Brent Crude is the benchmark used for the light oil market in Europe, Africa, and the Middle East, originating from oil fields in the North Sea between the Shetland Islands and Norway.
Brent Crude lost ground two weeks ago with a stronger USD, weaker Chinese equities, and bearish industrial metals. As of late, Brent Crude has developed a proclivity to be dragged down by overall bearish sentiment and spike higher thereafter.
This proclivity is in line with a fundamentally tight market that is clearly conscious of an imminent recession. Our previous article, "Have we reached the bottom?" explores the substantiation of the recession claim. Nevertheless, the fear regarding a recession is echoed in the trading of Brent Crude which is marked by selloffs occurring during periods of broad-based risk-off sentiment which is the followed by spikes at higher prices as the risk-off sentiment eases a bit. This behaviour is illustrated in the chart below and ultimately suggests that the crude oil market is tight.

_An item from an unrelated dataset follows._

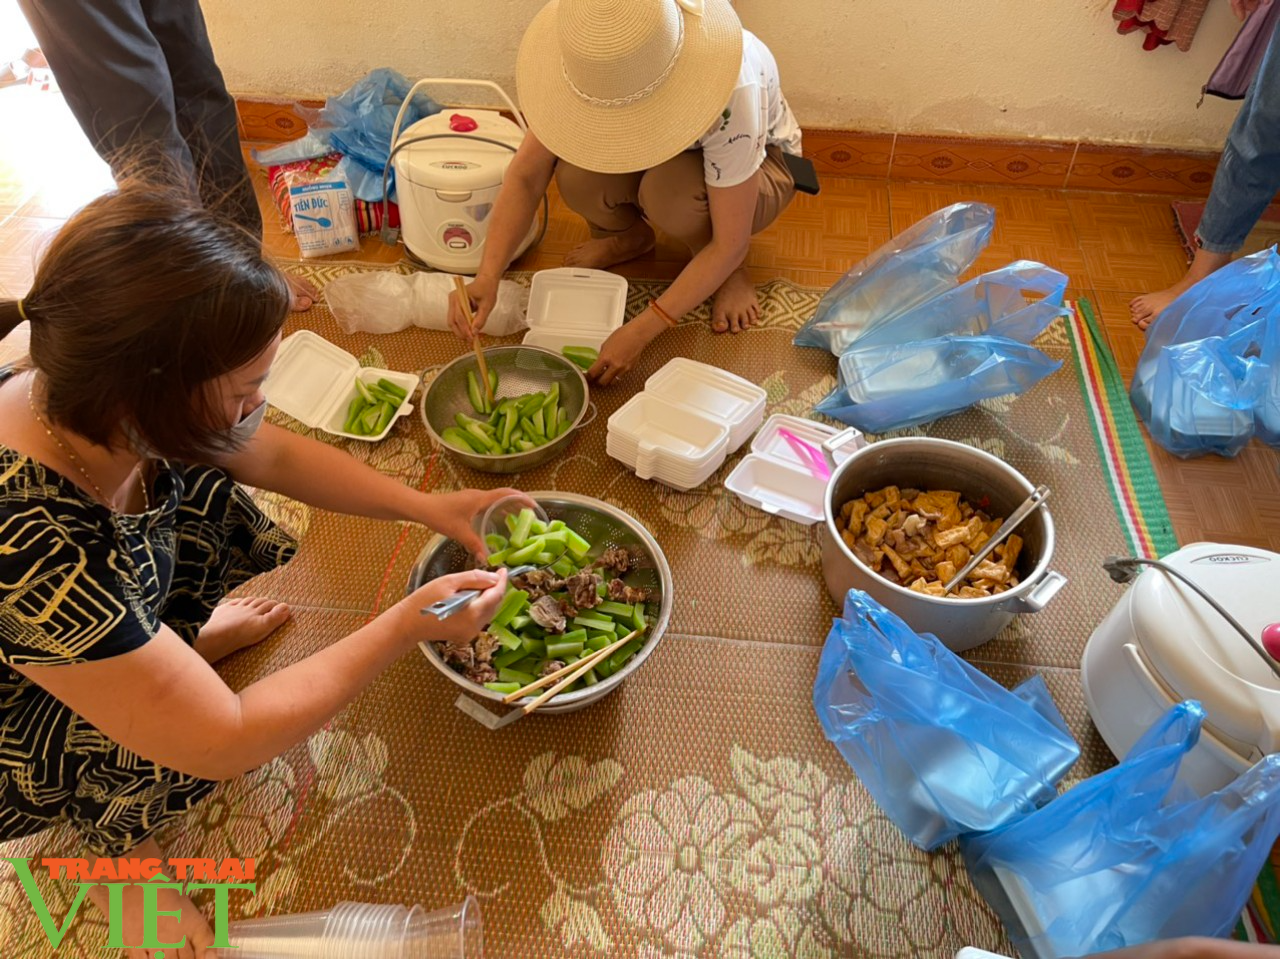 Sơn La: Xúc động trước cảnh người dân nấu cơm và lên rừng lấy cỏ, chặt chuối cho các gia đình bị cách ly  - Ảnh 4.

Notably, there is growing expectations that Brent Crude is heading to USD125/bl and will average USD115/b in Q1'23 and USD125/b in Q2'23 (Schieldrop, 2022).

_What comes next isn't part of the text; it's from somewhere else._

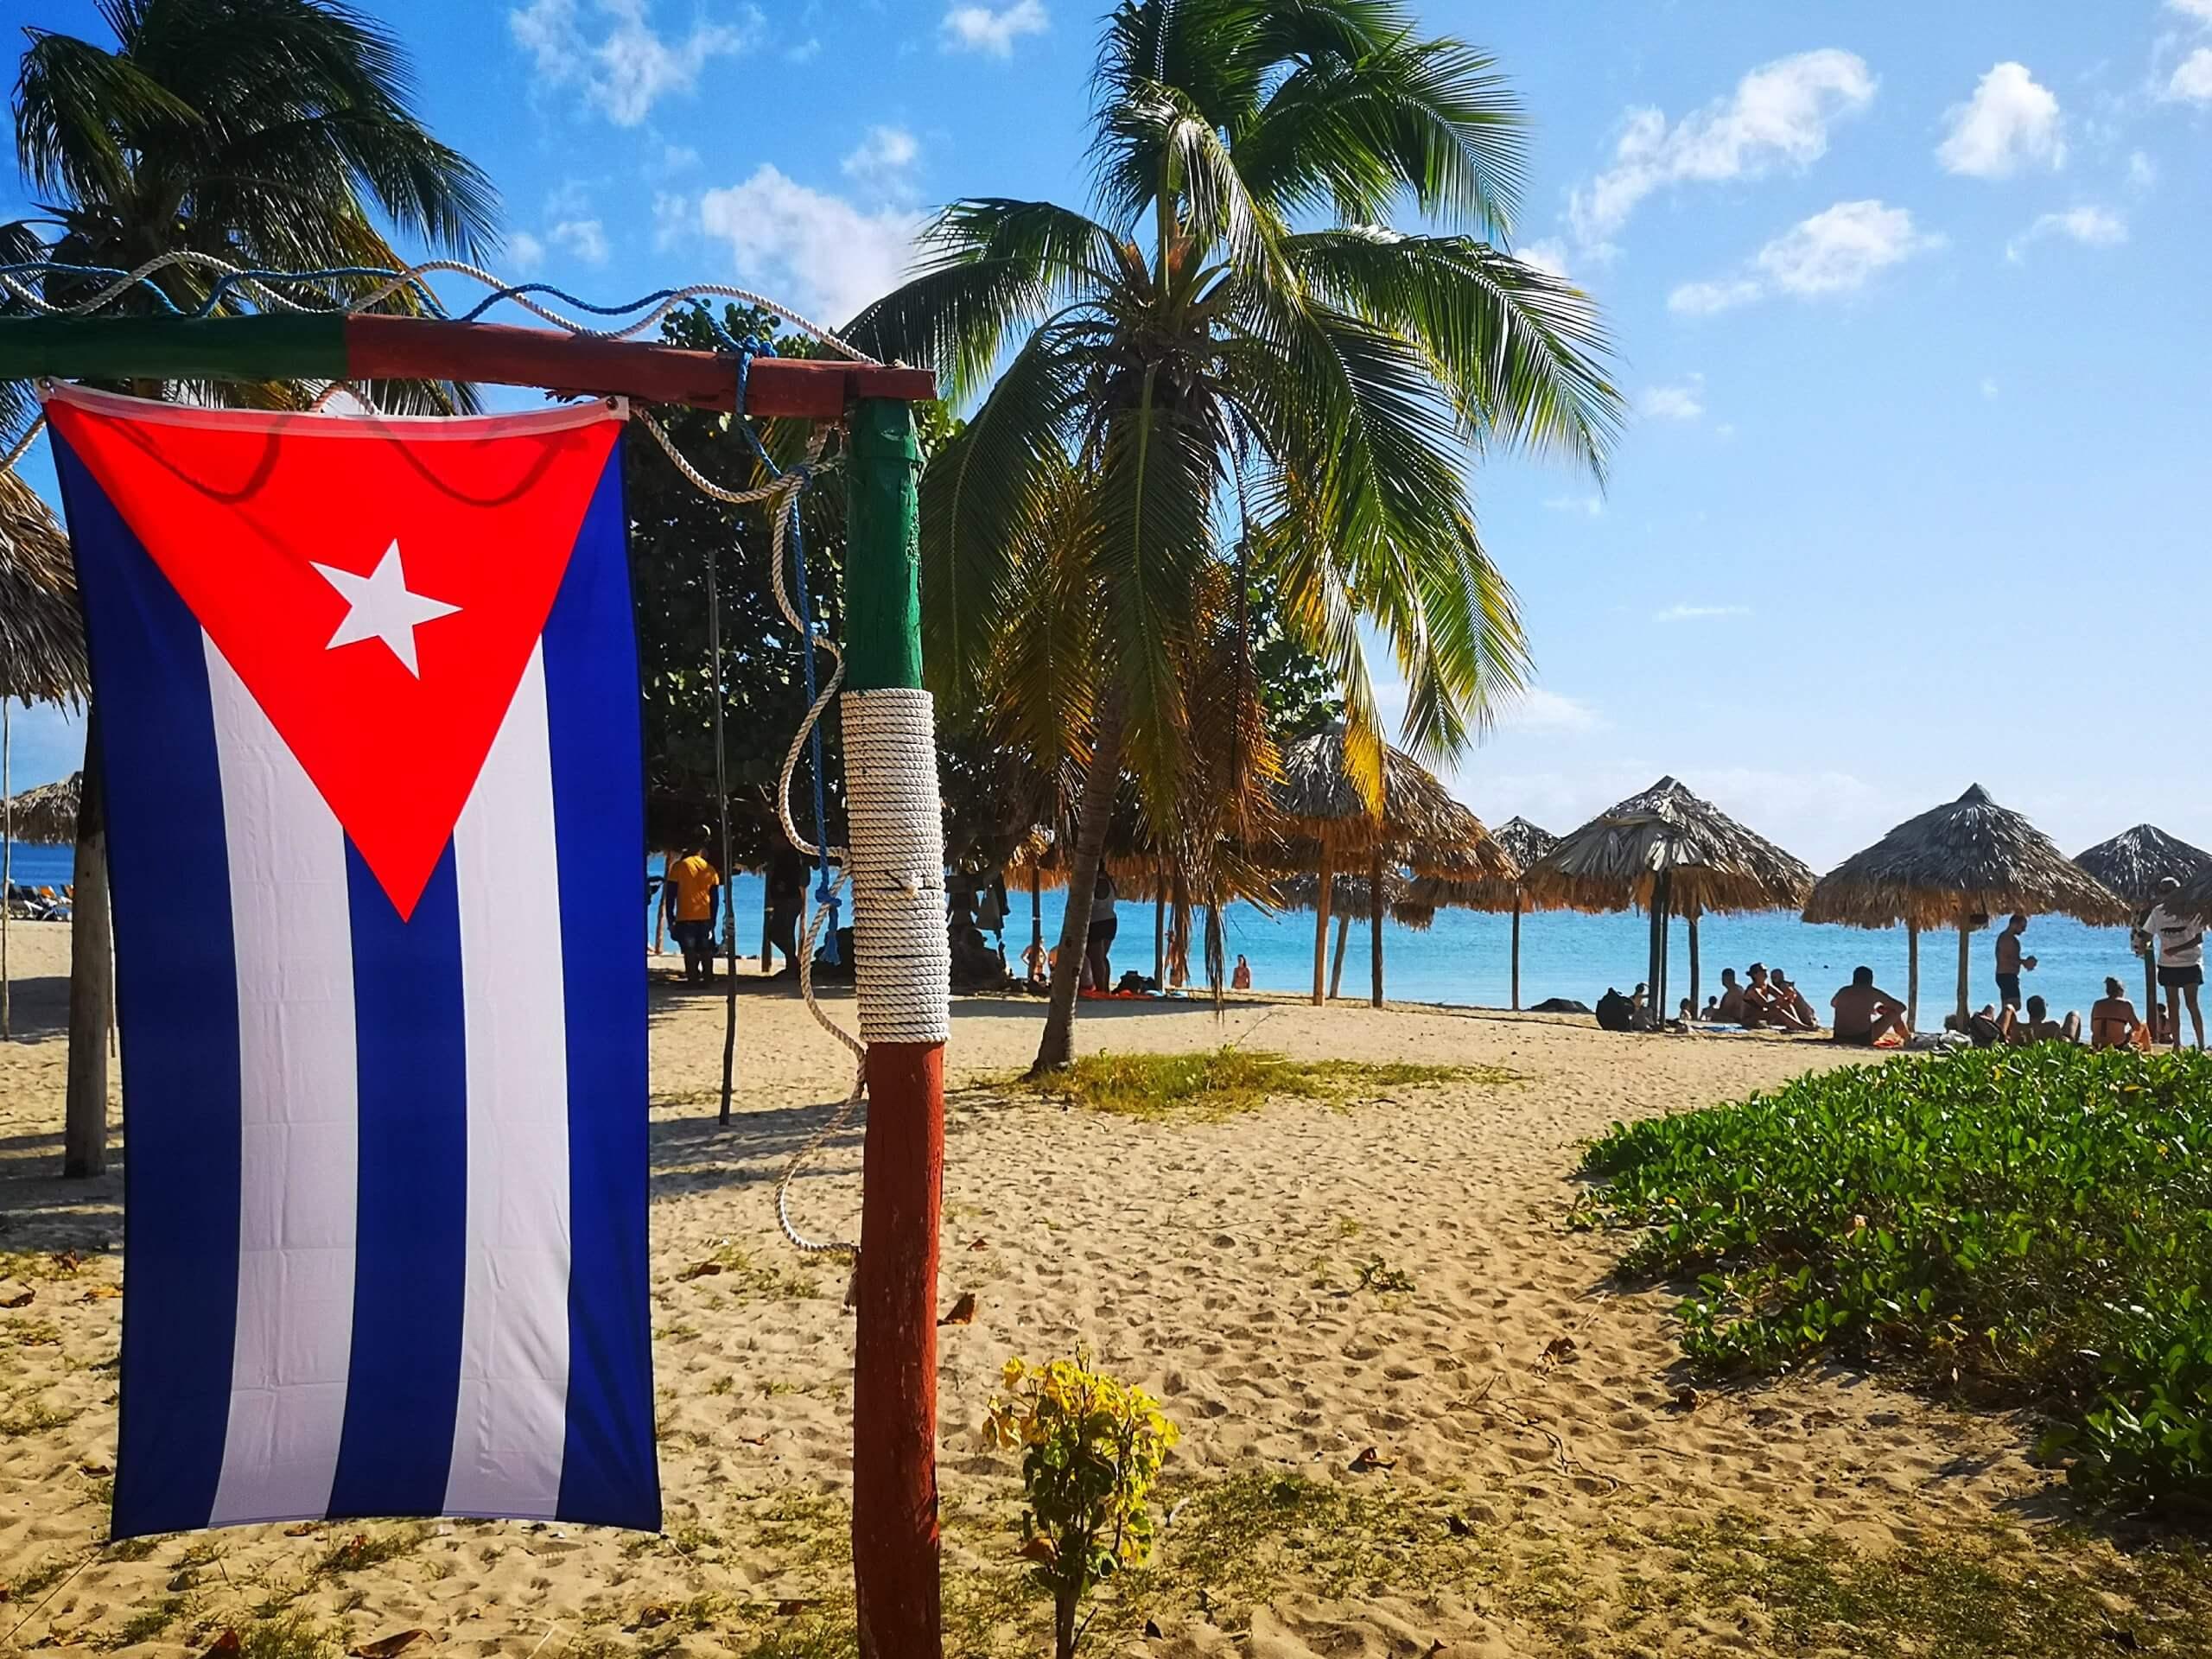 Ancon beach ligger kun 15 minutters kjøretur fra Trinidad

Compounding recession fears is the fact that EU sanctions on Russian seaborne crude are drawing closer. Financial institutions in the EU will no longer be allowed to insure or provide financial services connected with seaborne Russian crude oil from 5 December onward (Schieldrop, 2022). EU insurance companies are dominant in global shipping with gross estimates that it accounts for 90% of global shipping insurance. While Russia could look for non-EU insurers, the fact of the matter is that many of the non-EU insurers rely upon the more dominant EU insurers. Ultimately, the risk of the ban is that it will lead to a sharp drop in Russian exports of seaborne crude oil.

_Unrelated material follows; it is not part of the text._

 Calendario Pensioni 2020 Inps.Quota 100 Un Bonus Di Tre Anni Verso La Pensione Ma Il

Even though the EU financial ban enlivens on 5 December there have been fears that it will prevent Russian crude oil from flowing into the market thus leading to a huge spike in crude oil prices. To counter this risk, the G7 has proposed a "price cap" where consumers can purchase seaborne Russian crude and still get EU financial services needed for the purchase if they only pay a maximum capped price for the crude oil of USD60/b (Schieldrop, 2022). The idea is that Russian oil exports would keep flowing while depriving Russia of elevated oil export income. Notably, the lack of details associated with the "price cap" plan has led the market to adopt uncertainty and thereby reframe from ordering Russian seaborne crude for December.
The rapidly appreciating USD is now a direct threat to the affordability of crude oil for already-strained global energy consumers. To understand why an appreciating USD is detrimental to energy consumers it must be noted that (1) that oil (at least largely) is priced in USD and (2) there exists an inverse relationship between USD and the price of oil. As such, when the USD becomes stronger it becomes relatively more expensive to purchase oil.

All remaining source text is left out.